### ACTION ITEM
Exact copy, no pictures: return only the lines below from the line with "China. Part of" up to and including the line with "Heinz Hot Chili".

### RECORDED INFORMATION
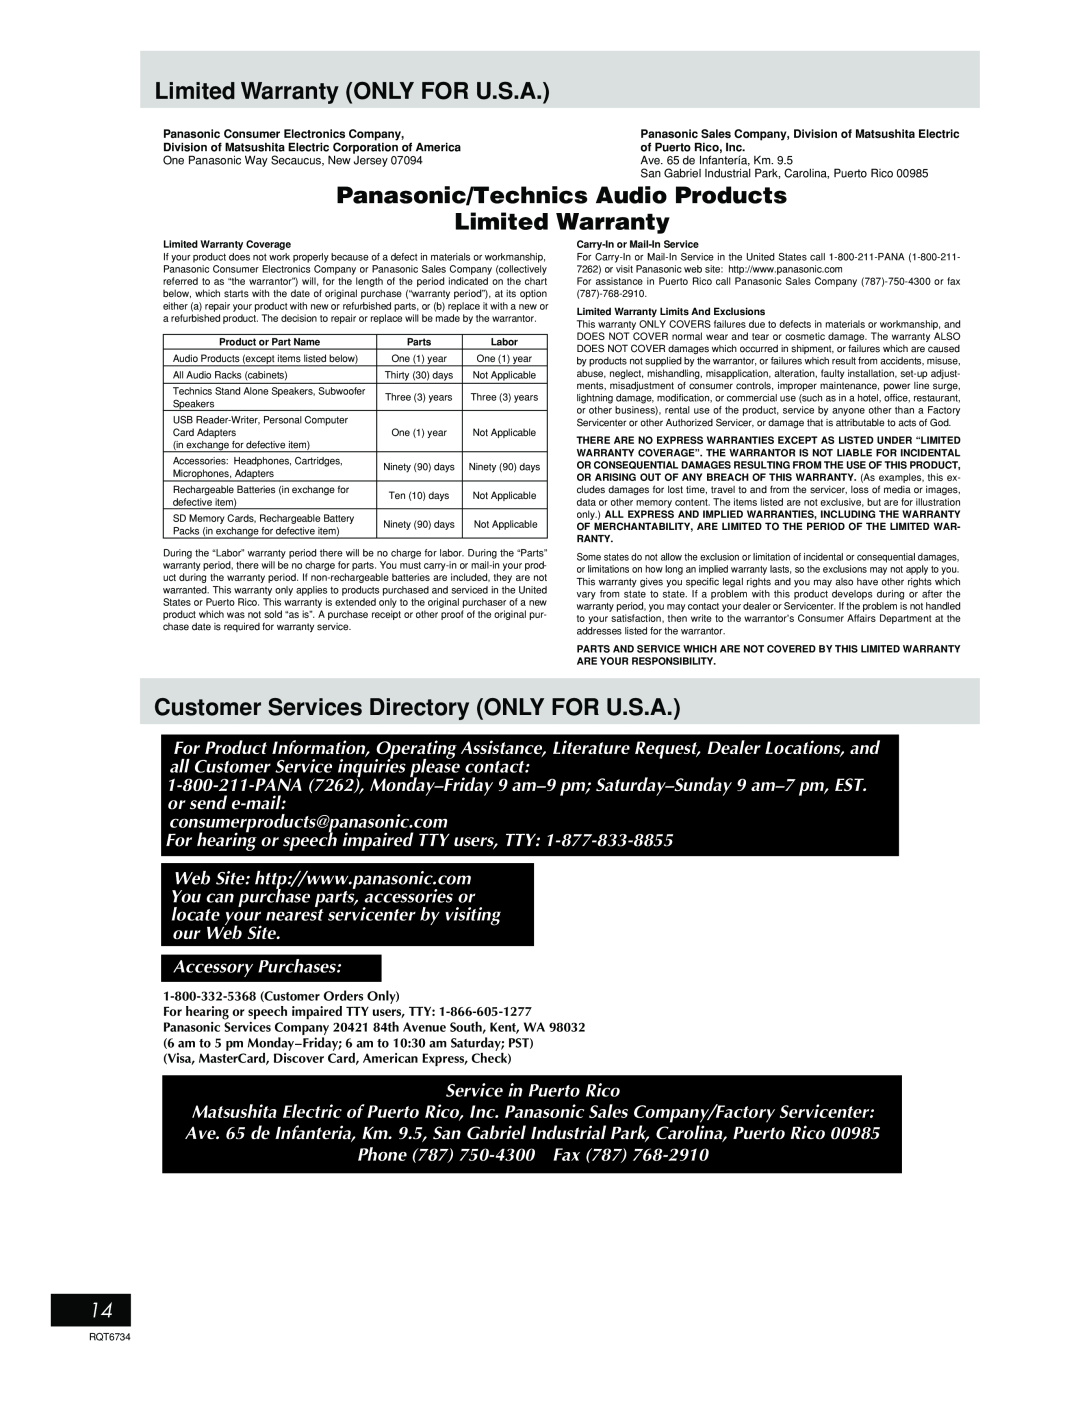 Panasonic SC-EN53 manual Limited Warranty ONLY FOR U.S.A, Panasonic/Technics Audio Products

* * *

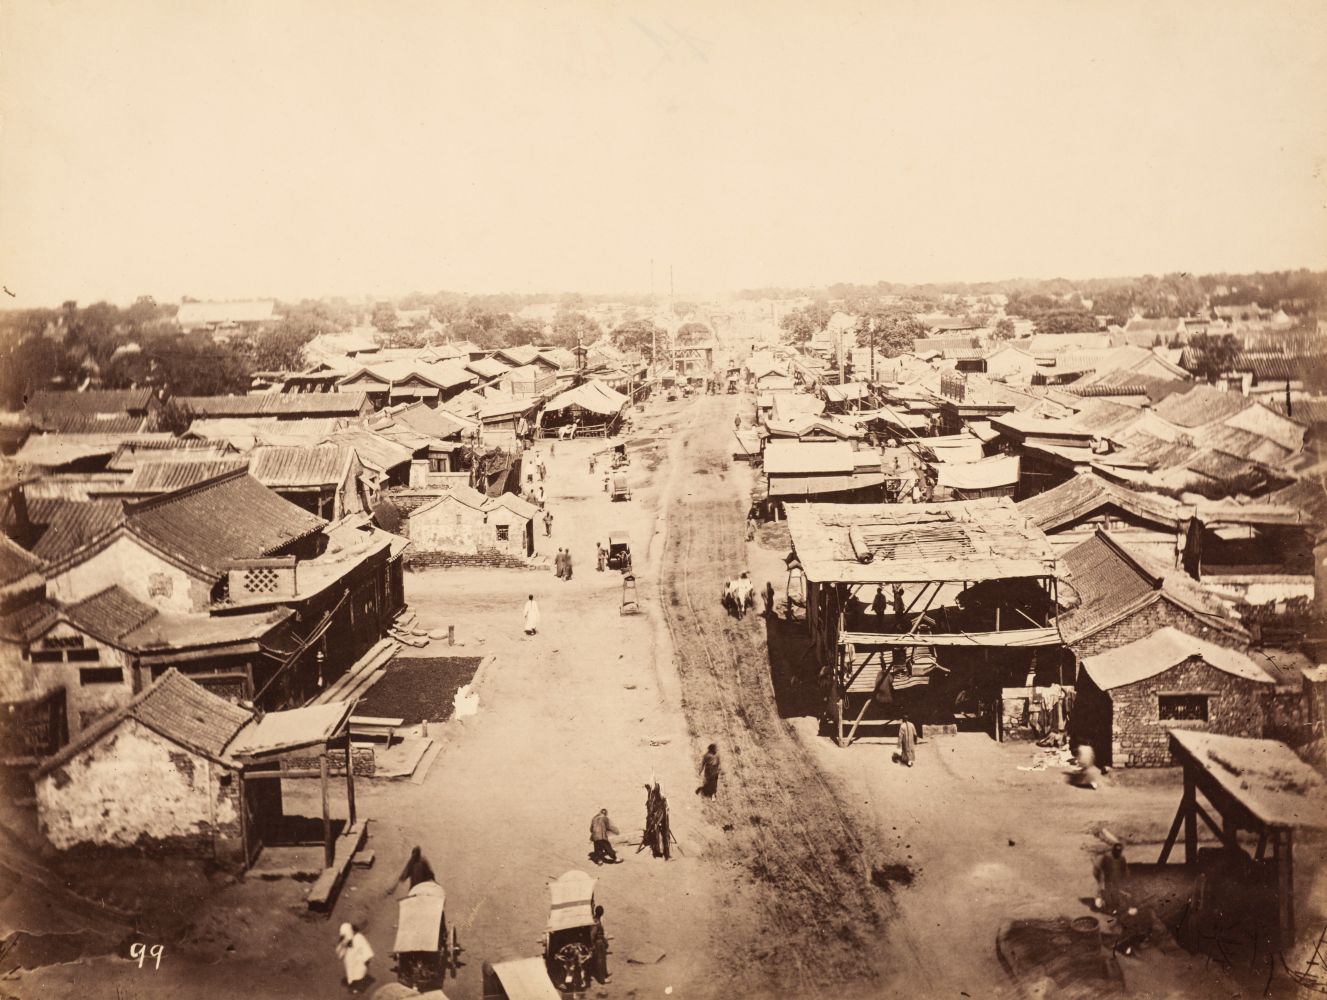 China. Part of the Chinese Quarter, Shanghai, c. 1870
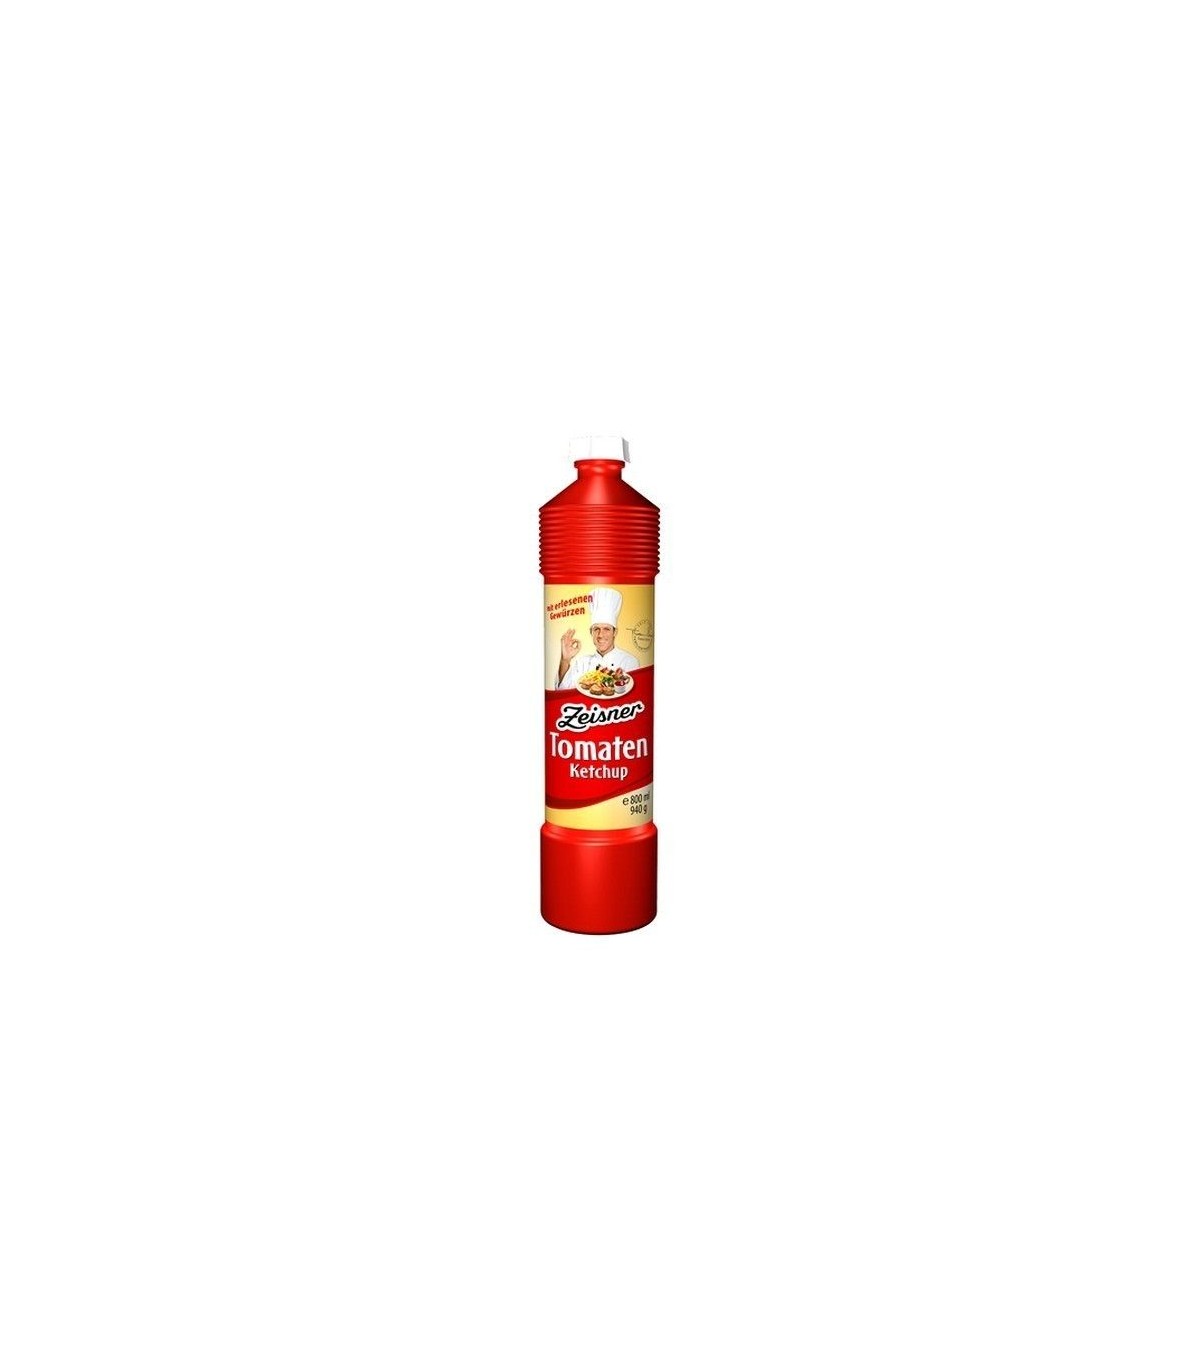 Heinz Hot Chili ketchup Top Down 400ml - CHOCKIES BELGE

==

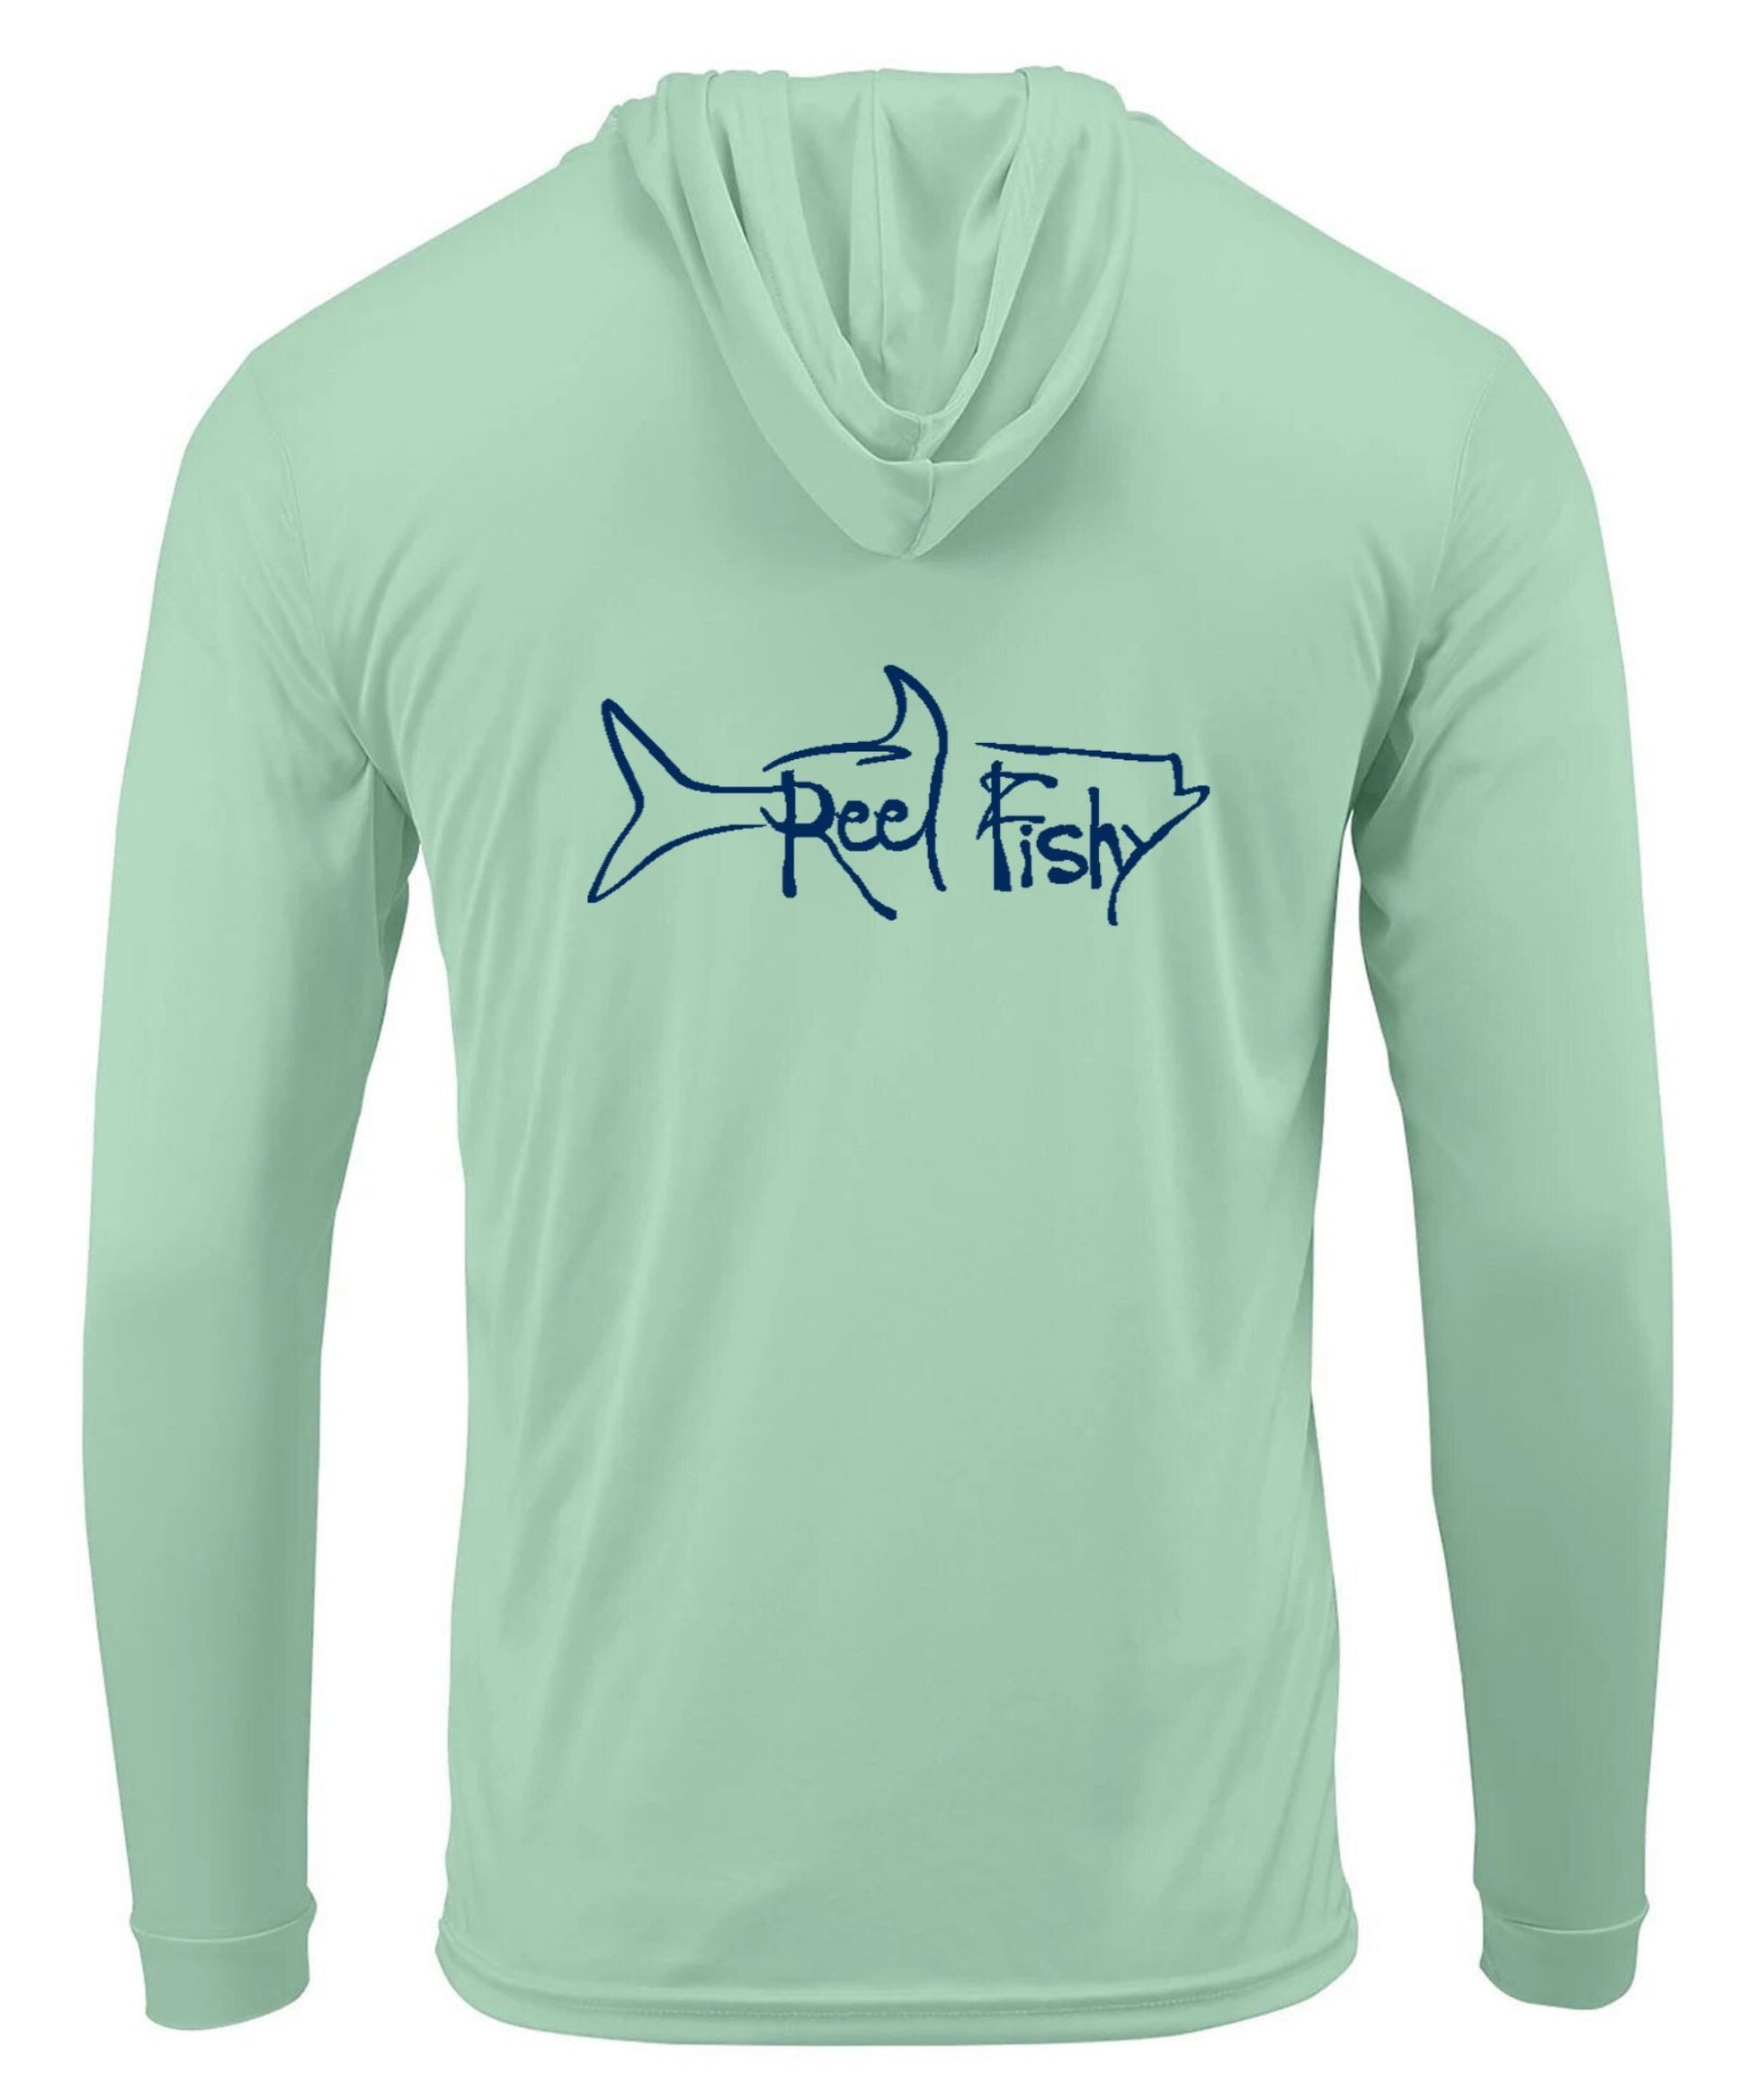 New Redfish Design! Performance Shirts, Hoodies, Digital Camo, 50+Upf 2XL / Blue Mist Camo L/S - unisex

### SOLUTION TO THE EXERCISE
 China. Part of the Chinese Quarter, Shanghai, c. 1870
 Heinz Hot Chili ketchup Top Down 400ml - CHOCKIES BELGE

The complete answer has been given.